You unfortunately can't get new, young fans interested in 1960s low-def visual effects. You just can't. I tried for years with my kids and had very limited success. They've literally never seen effects so primitive. It jarringly takes them out of the moment.
For them, you have to get to The Trilogy (ST2-4) before it becomes "real" for them. They will sit and watch The Trilogy with me.
They will watch "City," as will any sane fan of visual drama. Dated effects or not, it's become a Classic. In another fifty years, or a hundred, if they look back fondly on TOS, it will be "City" they remember.
"City" has become a Classic. It's up there with Casablanca. And no, I'm not kidding.
"City" is the Star Trek episode that has survived my granparents' generation, my parents' generation, my generation, and my children's generation.
It will survive until Humanity can no longer empathize with every character -- and that will be never.
"The City On the Edge Of Forever" has become a true Classic.
But my kids' reaction to almost any effects-heavy episode is to be jarred out of the moment.
That's another reason "City" is a Classic. It's a timeless period piece. It needs no effects to tell the story, and what were used now appear charming. It adds to the timelessness of the story.
I'm ok with remastering both the negatives and recreating the visual effects -- provided you keep it simple. "The Doomsday Machine" should never become too complex.
I will admit here and now that I liked what they did with "The Doomsday Machine." Their decision not to add the whine of the planet-killer's tractor beam is odd. Daniels clearly shot the scene with everyone reacting to it.

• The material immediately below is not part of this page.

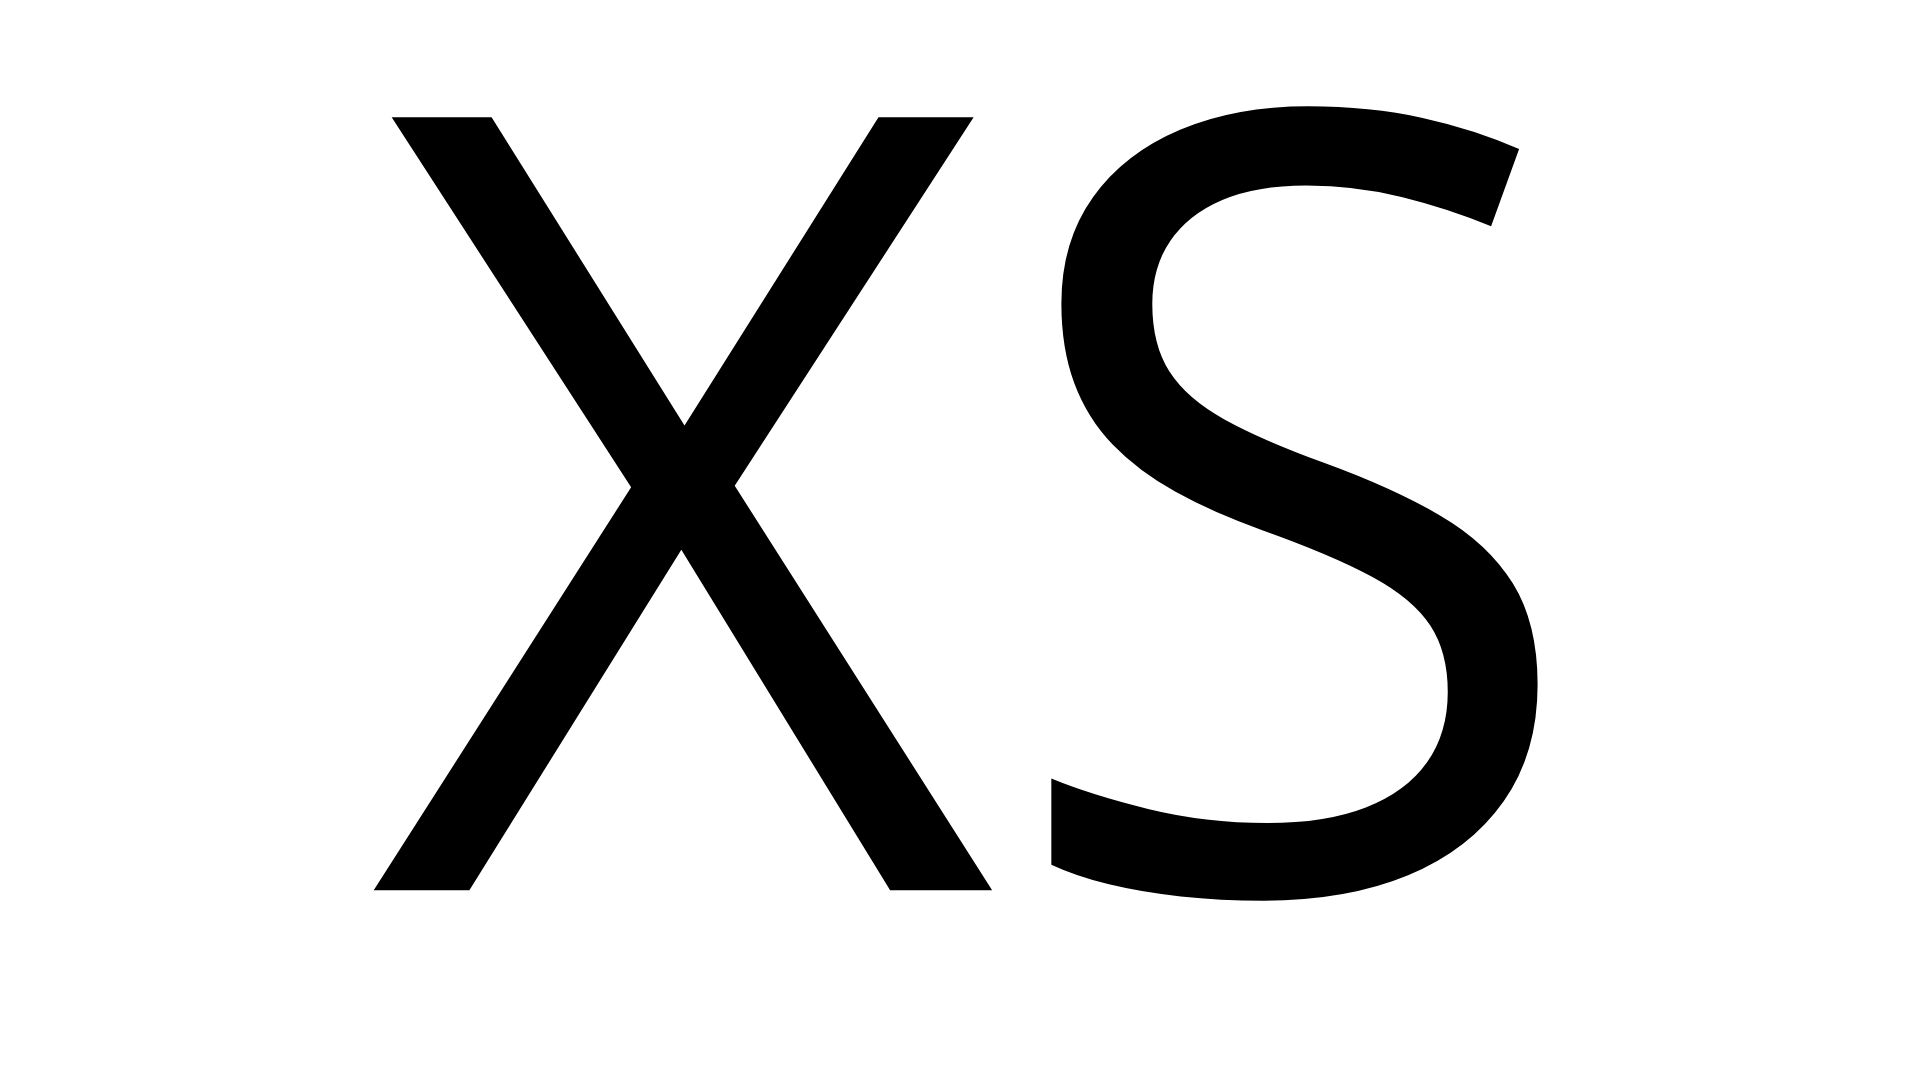 XS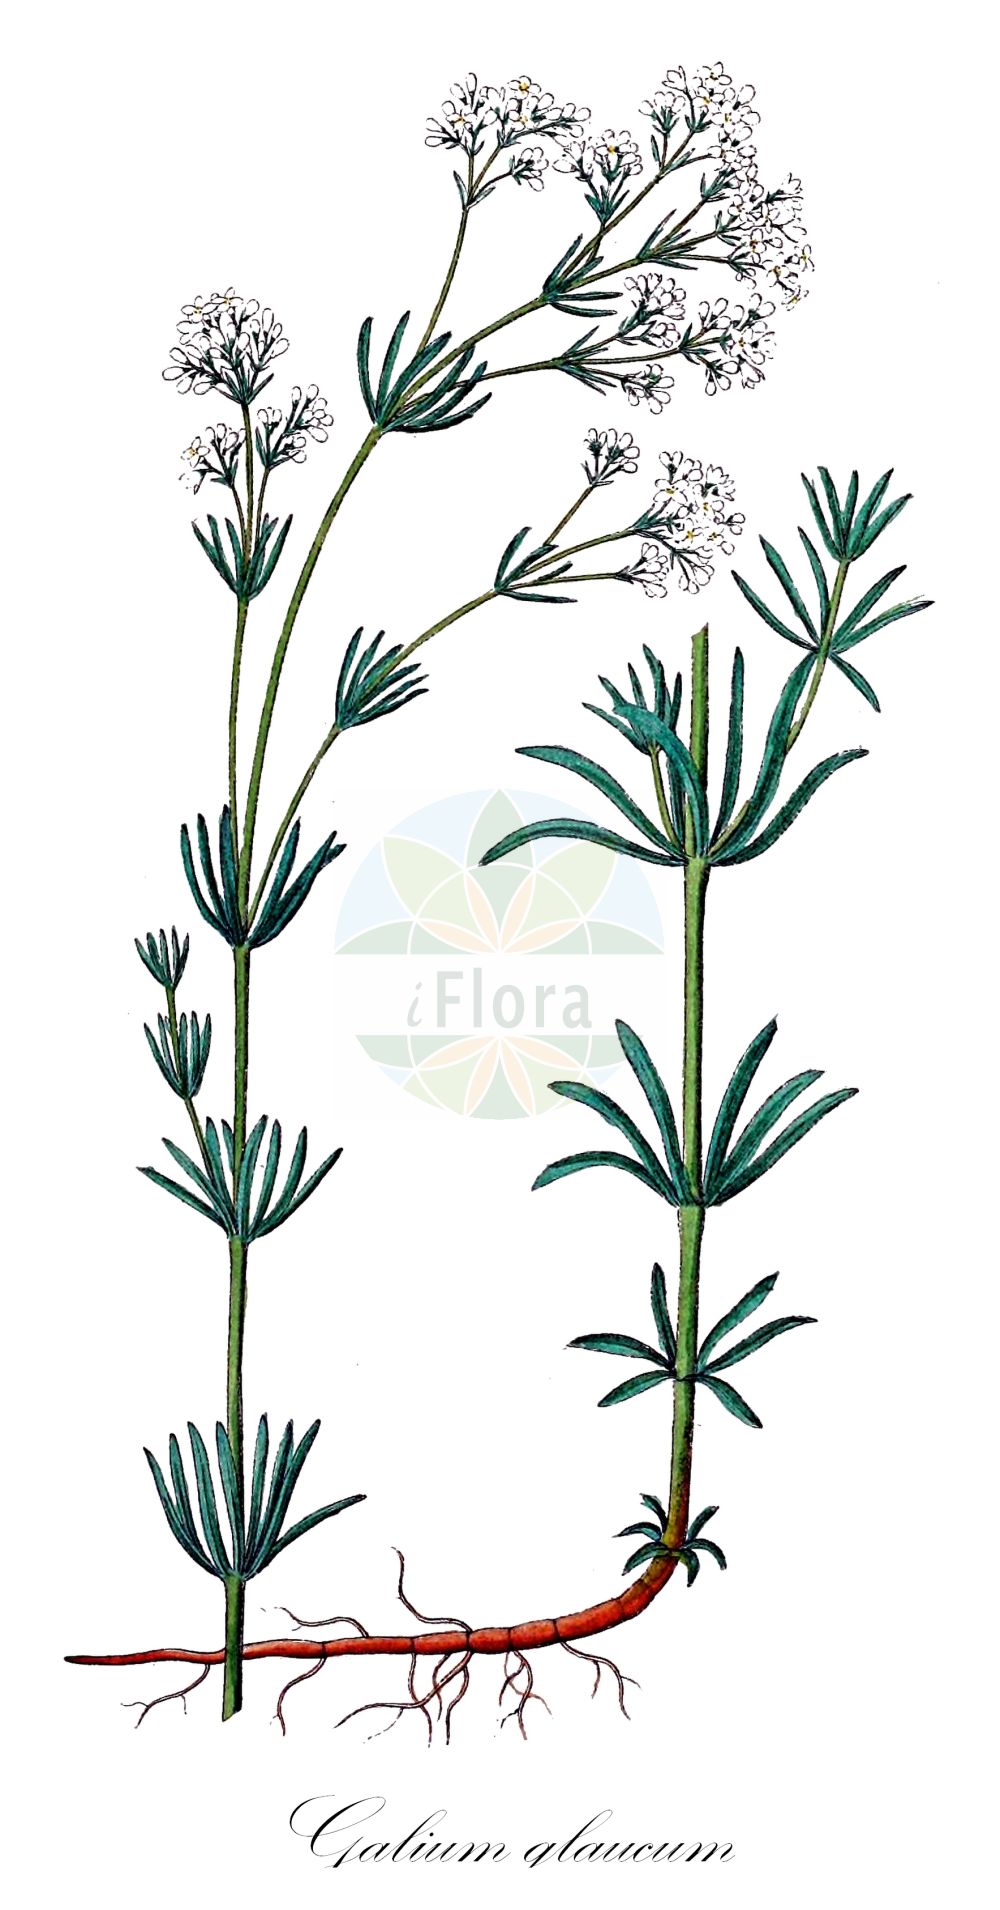 Historische Abbildung von Galium glaucum (Blaugrünes Labkraut - Glaucous Bedstraw). Das Bild zeigt Blatt, Bluete, Frucht und Same. ---- Historical Drawing of Galium glaucum (Blaugrünes Labkraut - Glaucous Bedstraw). The image is showing leaf, flower, fruit and seed.(Galium glaucum,Blaugrünes Labkraut,Glaucous Bedstraw,Asperula campanulata,Asperula galioides,Asperula glauca,Asperula glauca (L.) Besser,Galium campanulatum,Galium glaucum,Galium glaucum subsp. tyracium,Blaugruenes Labkraut,Glaucous Bedstraw,Waxy Bedstraw,Galium,Labkraut,Bedstraw,Rubiaceae,Rötegewächse,Bedstraw family,Blatt,Bluete,Frucht,Same,leaf,flower,fruit,seed,Dietrich (1833-1844))

However, I liked the effects. The asteroid fields were appropriate. As Barely First Fandom, I can recall many geek session about how the planet-killer somehow left no debris. After carving up planets.
Gorrammed right, there should be asteroids -- and a frak-ton of them.
I'm also on-board with the Enterprise, Constellation, and shuttlecraft being a bit more mobile. It was not over-done, IMNSHO. It was an outright battle, and the more mobile craft only underscored it.
Oh, also, the shuttlecraft being retconned to not-Galileo resolved a longstanding fannish dispute:
The first Galileo was lost at Taurus II. Due to stock footage, every shuttle seen after is still the Galileo. The next time we see her exterior is in "The Way to Eden." She's obviously a replacement, so why wasn't it labelled II before?
With a very slight retcon, it both cleared up the problem and made die-hard purists furious.
Well, I don't mind that retcon. It's not harmful to the story in any way. I doubt the current generation can appreciate how frequently we argued about that one little item.
In any case, TOS isn't as "fancy" as the 2009 and later films. The non-CGI version takes the modern viewer out of the moment.
That's a problem for new, young fans. It just is. I wish it weren't, but it is.
If we want to keep TOS alive and vital for new fans, we're probably going to have re-created visual effects.
Again, I'm fine with it -- provided the original is also available.